The central finding of GPT-2 was that a sufficiently large language model, trained on sufficiently diverse data, could perform many tasks in a zero-shot setting, without any task-specific fine-tuning. The model demonstrated coherent multi-paragraph text generation, basic reading comprehension, translation, and summarization capabilities, all driven purely by next-token prediction at scale.
GPT-2 became notable for its controversial staged release strategy. OpenAI initially released only the smallest version (124 million parameters) in February 2019, citing concerns about potential misuse for generating convincing fake news, spam, and disinformation. The 355 million parameter version followed in May, the 774 million version in August, and the full 1.5 billion parameter model in November 2019. OpenAI published a report titled "Release Strategies and the Social Impacts of Language Models" alongside the staged rollout, noting that the feared large-scale misuse had not materialized from the smaller releases. This was one of the first high-profile cases of an AI lab arguing that a model posed sufficient misuse risk to warrant controlled release, setting a precedent for safety-conscious deployment in the field.
GPT-3 was described in the May 2020 paper "Language Models are Few-Shot Learners" by Tom Brown, Benjamin Mann, Nick Ryder, and dozens of co-authors at OpenAI. The paper presented a family of eight models ranging from 125 million to 175 billion parameters, with the largest designated as GPT-3.
The 175 billion parameter model used 96 transformer layers, a model dimension of 12,288, and 96 attention heads. It was trained on a mixture of datasets: a filtered version of Common Crawl (60% of weighted training data), WebText2, two book corpora, and English Wikipedia, totaling approximately 300 billion tokens. The context window was 2,048 tokens. The estimated training compute cost was in the range of $4.6 million on contemporary GPU hardware.
GPT-3's breakthrough contribution was demonstrating that in-context learning (or few-shot learning) emerged at scale. Rather than requiring gradient-based fine-tuning for each new task, users could simply provide a few examples of the desired input-output pattern in the prompt, and the model would generalize to new instances. This capability enabled GPT-3 to perform competitively on a wide range of NLP benchmarks, and in some cases match or exceed fine-tuned models, all without updating any model weights.
OpenAI chose not to release GPT-3's weights publicly.
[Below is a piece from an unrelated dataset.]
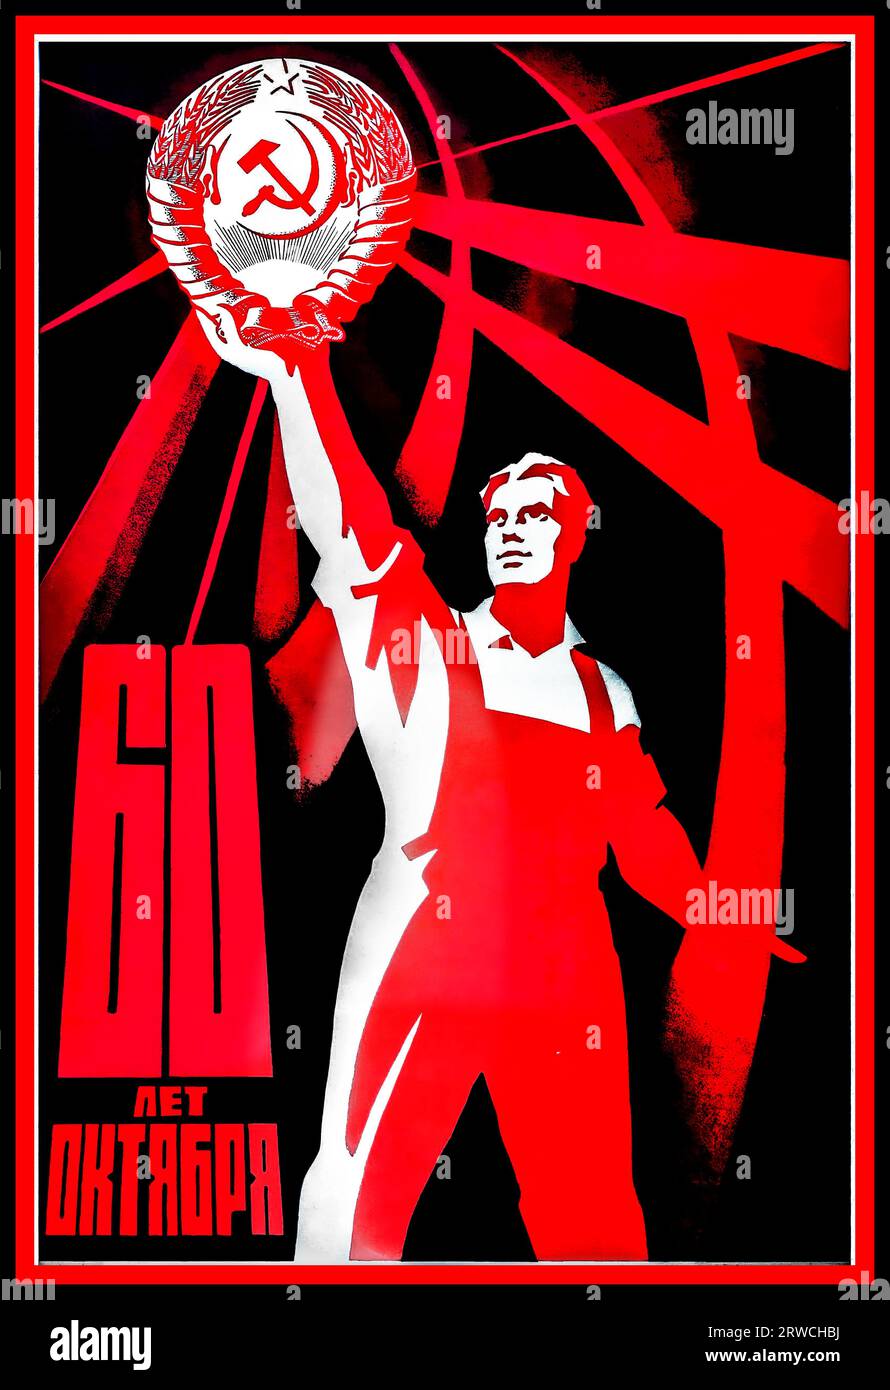 Soviet propaganda poster titled 60 Let Oktyabrya / 60 Years of October - commemorating 60 years since the October Revolution. The design shows a USSR worker in overalls holding aloft the Communist emblem of a sickle and hammer inside a wreath of wheat topped by the five-point star. The background is dark red with curved red lines -  Russia, designer: V. Briskin, year of printing: 1977 Stock Photo

Instead, the model was made available through the OpenAI API, which launched in a private beta in June 2020. This marked a shift toward a commercial API-based deployment model for large language models.
GPT-3.5 refers to a family of models that served as intermediate improvements between GPT-3 and GPT-4. These models incorporated instruction tuning, a technique where the model is further trained on examples of following human instructions, making it more reliable at interpreting and executing user prompts. The code-davinci-002 and text-davinci-003 variants are among the best-known GPT-3.5 models.
On November 30, 2022, OpenAI launched ChatGPT, a conversational interface built on top of a GPT-3.5 variant fine-tuned with RLHF. ChatGPT attracted 1 million users within five days and reached 100 million monthly active users by January 2023, making it the fastest-growing consumer application in history at that time. ChatGPT's success demonstrated the commercial viability of conversational AI and ignited widespread public interest in large language models.
The paper "Training Language Models to Follow Instructions with Human Feedback" by Long Ouyang et al., published on arXiv in March 2022 and presented at NeurIPS 2022, introduced InstructGPT. The paper addressed a fundamental problem: making language models larger does not inherently make them better at following user intent. Large models can produce outputs that are untruthful, toxic, or unhelpful.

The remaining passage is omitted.